Description of the task - Would you transcribe only the lines from the one holding "Diwali Hamper with" through the end of the material, exactly, without any pictures?

Input data -
+--

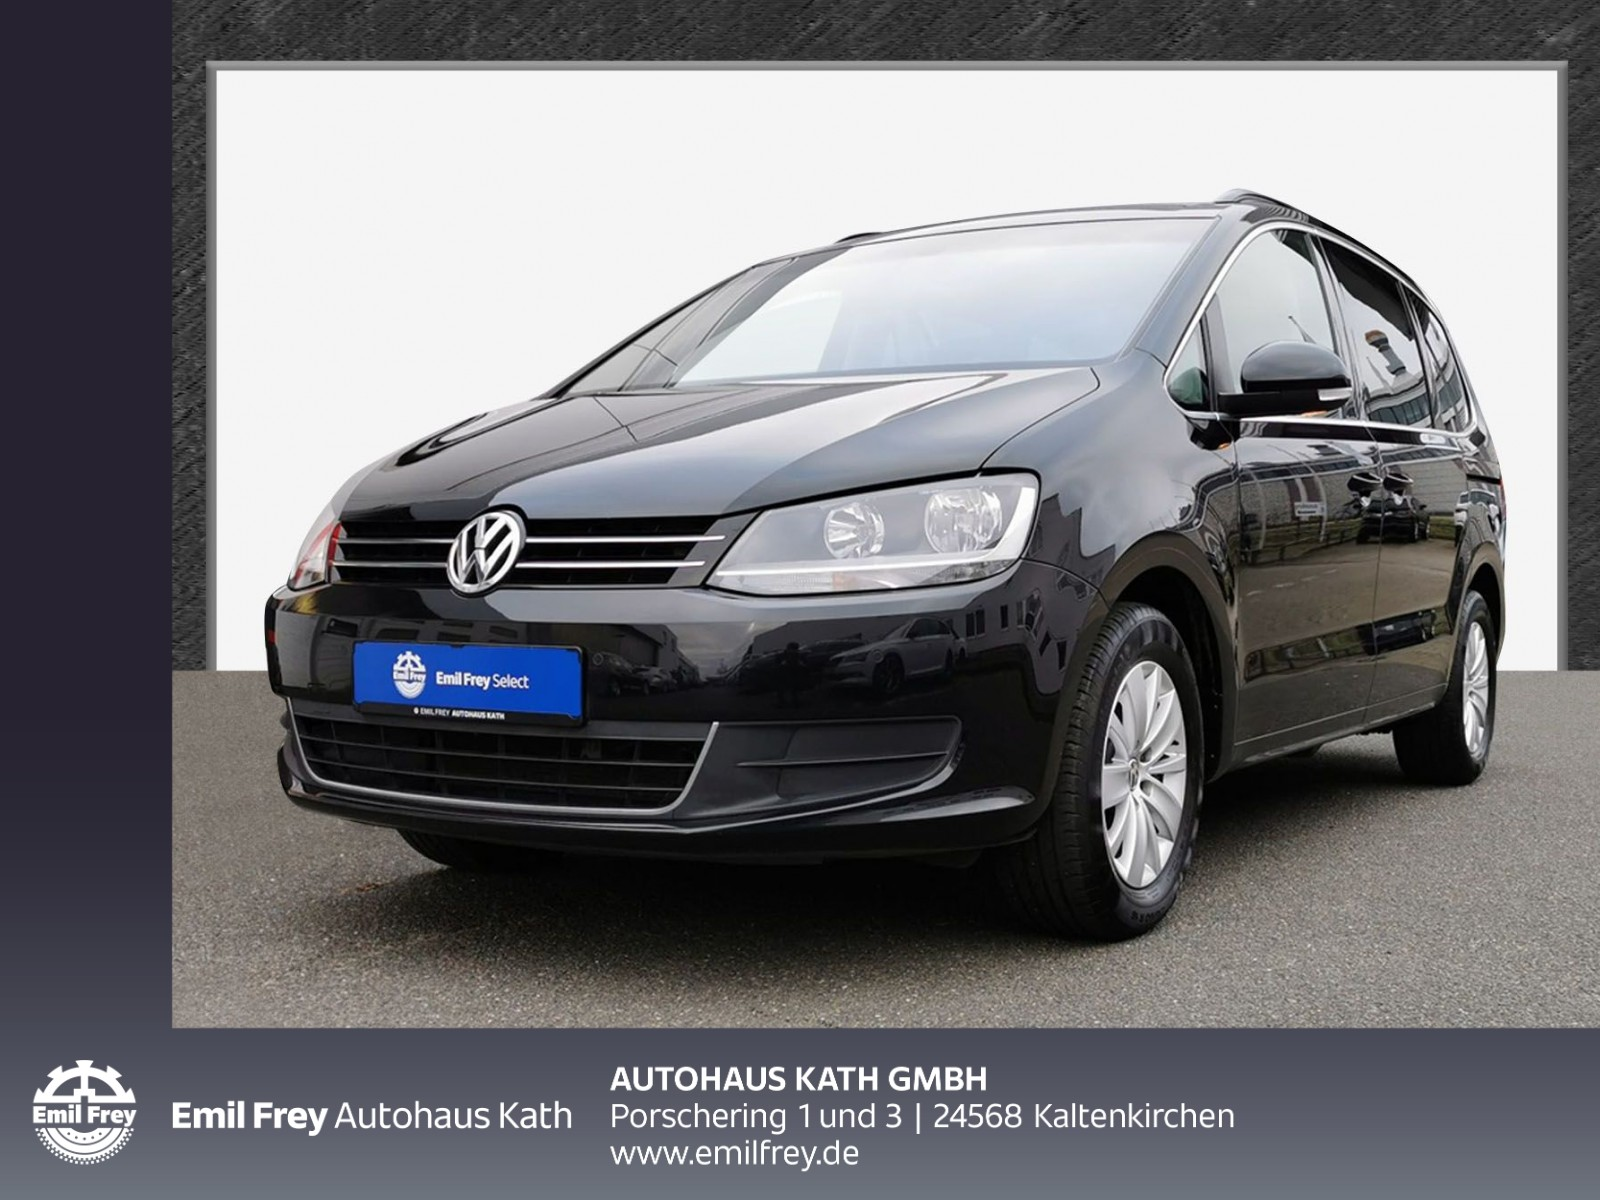 Volkswagen Sharan 2.0 TDI DSG BMT Comfortline AHK Navi Kamera, Jahr 2015, Diesel
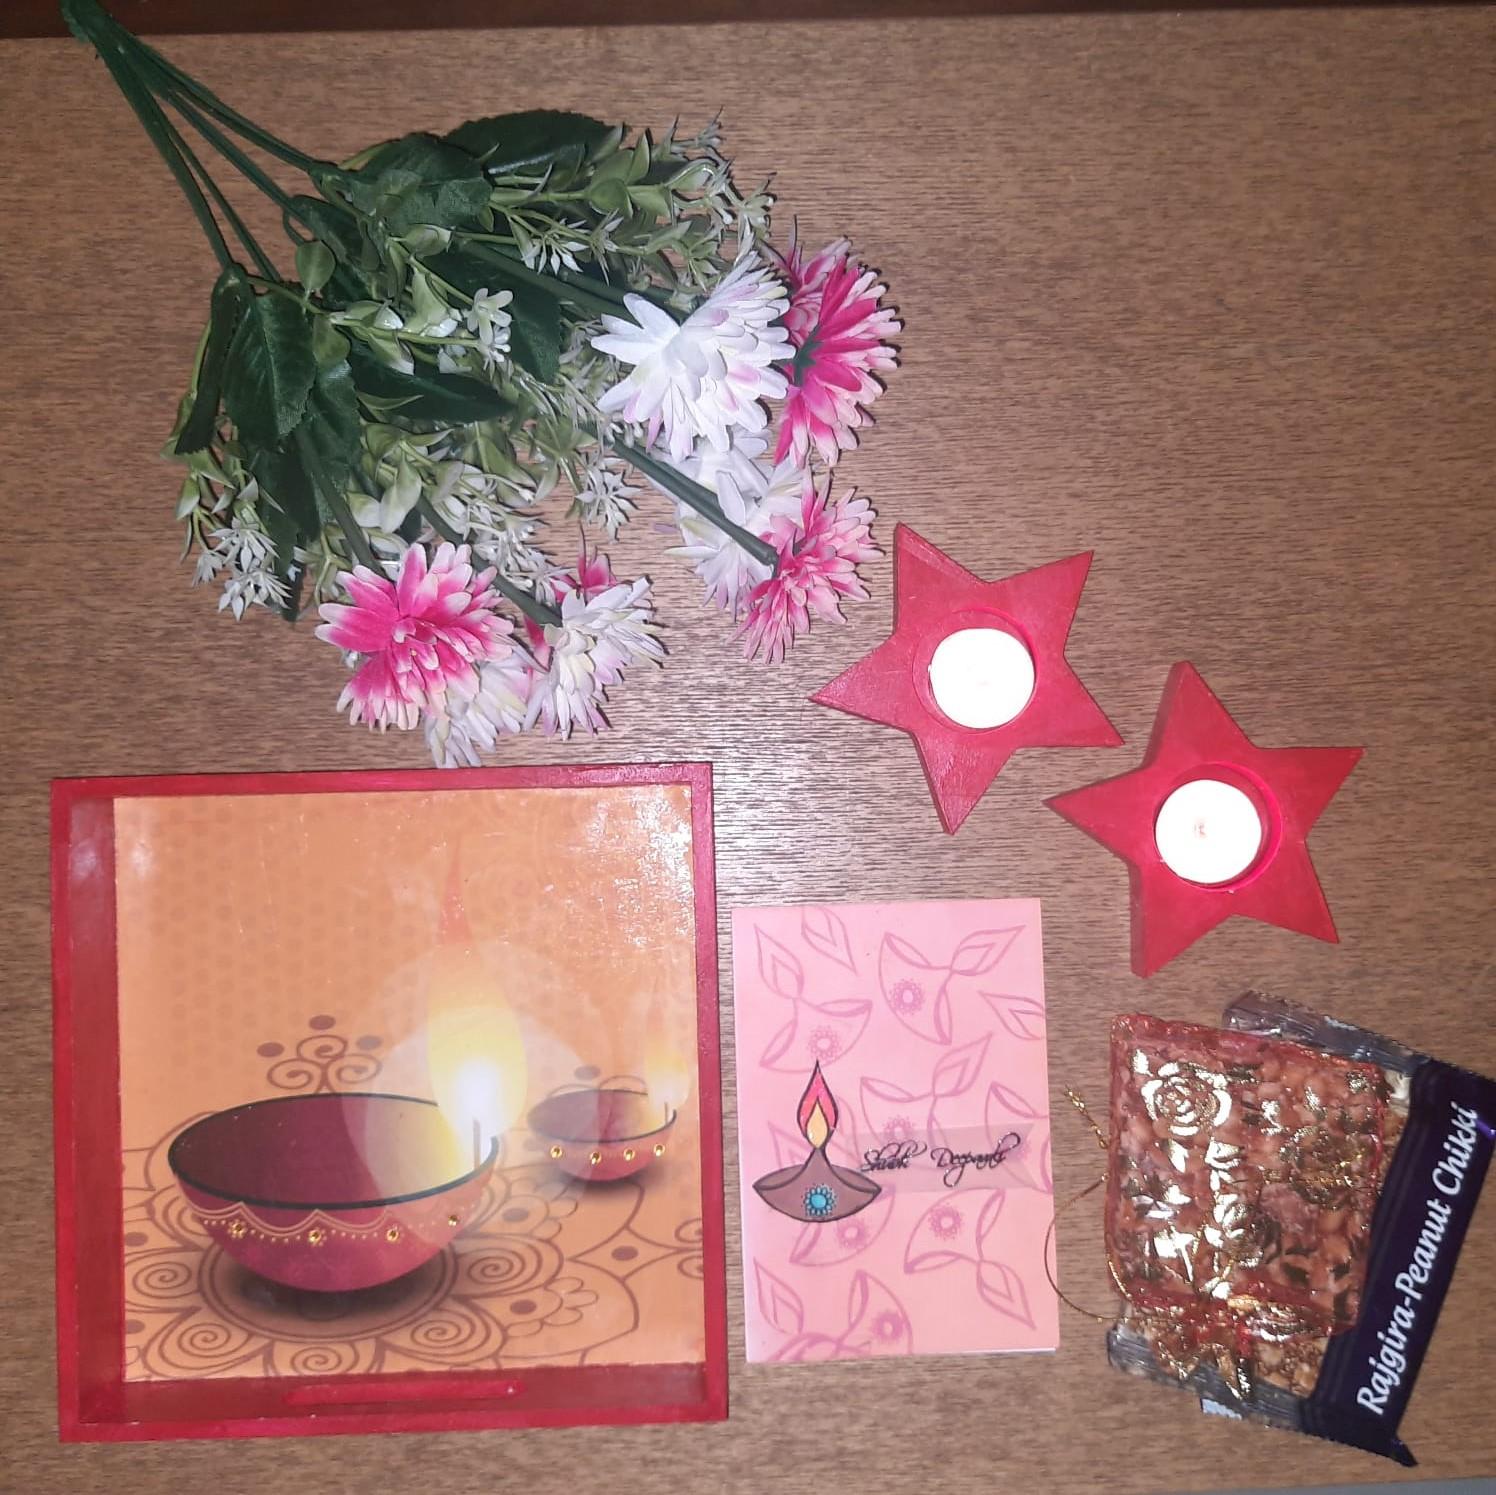 Diwali Hamper with Decoupage Tray, Tealights, Greeting Card, Chikkis Slider Thumbnail 1/4
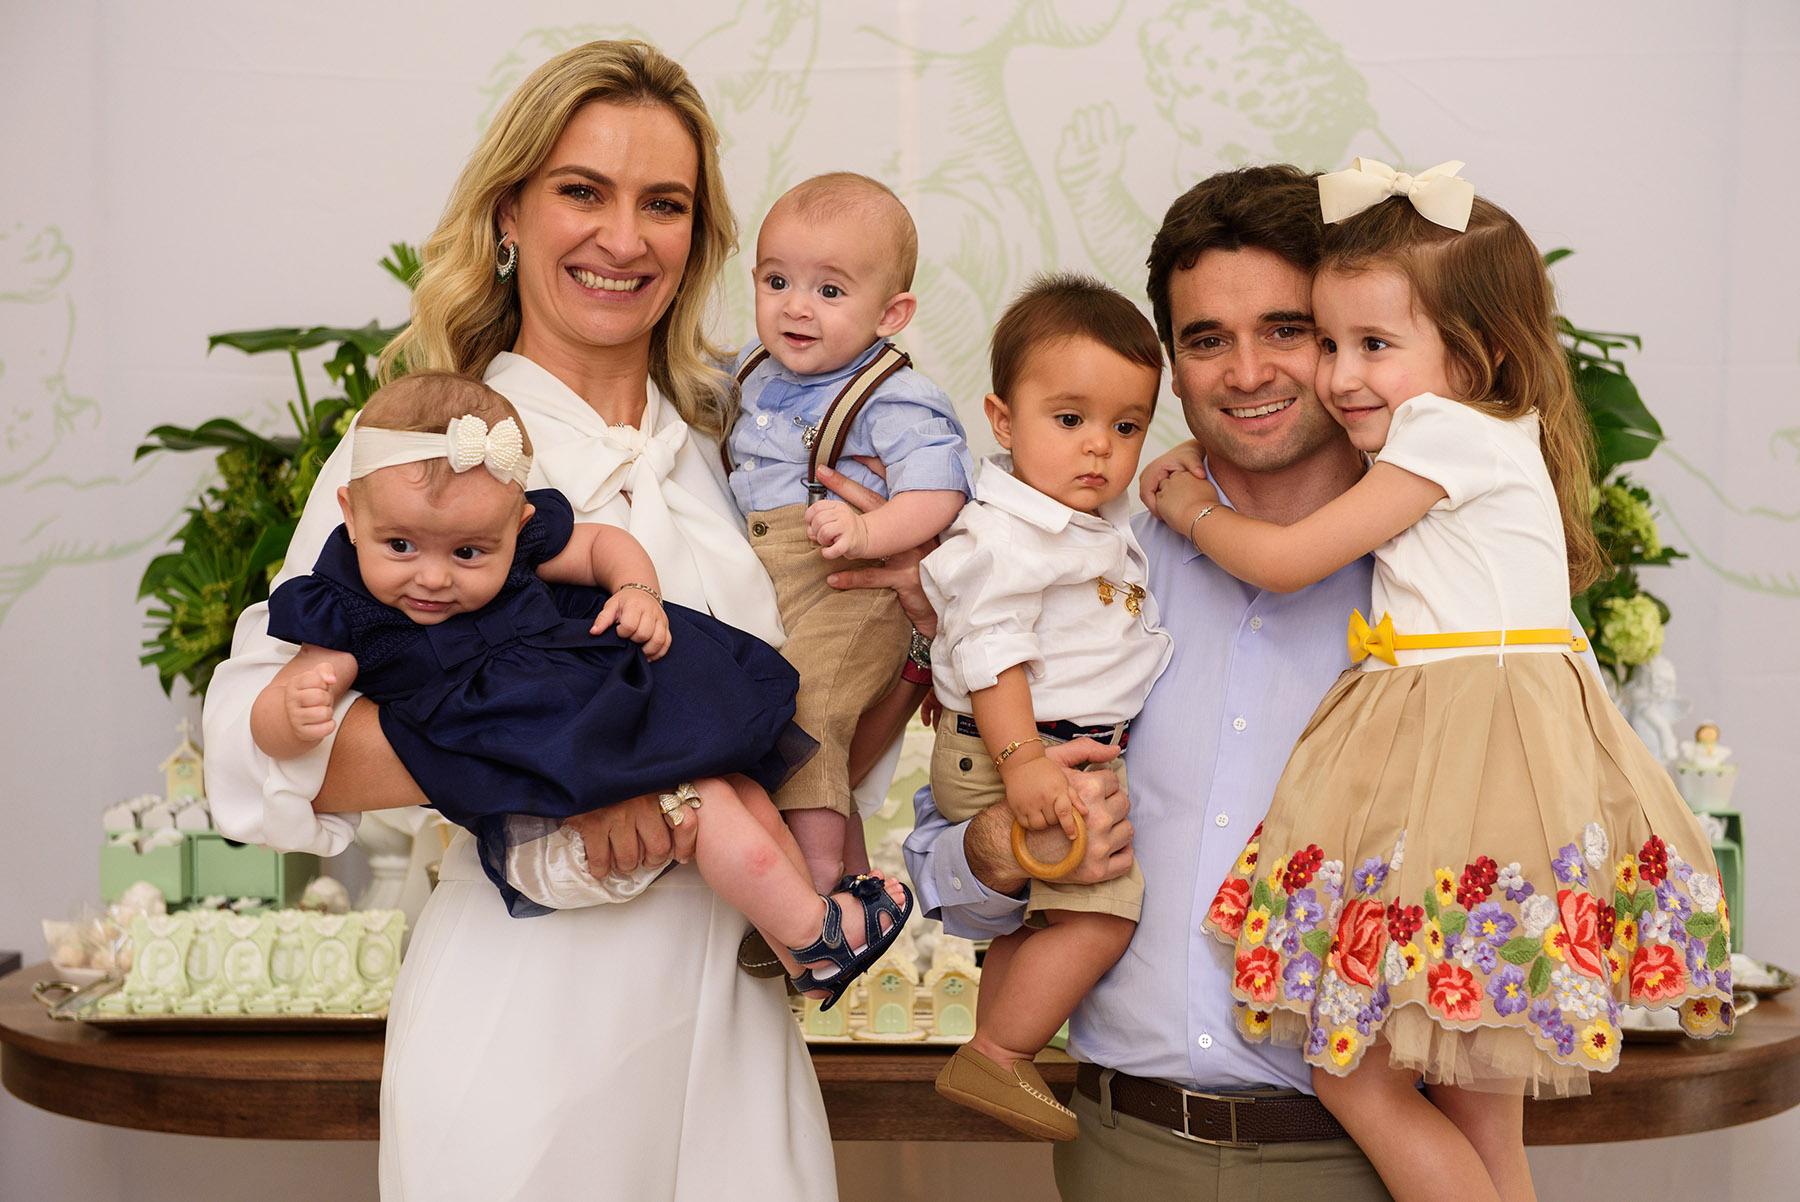 20_batizado_curitiba_fotografia_infantil_familias_fotografo_guswanderley.jpg

+--

Completed task -
 Diwali Hamper with Decoupage Tray, Tealights, Greeting Card, Chikkis Slider Thumbnail 1/4
 20_batizado_curitiba_fotografia_infantil_familias_fotografo_guswanderley.jpg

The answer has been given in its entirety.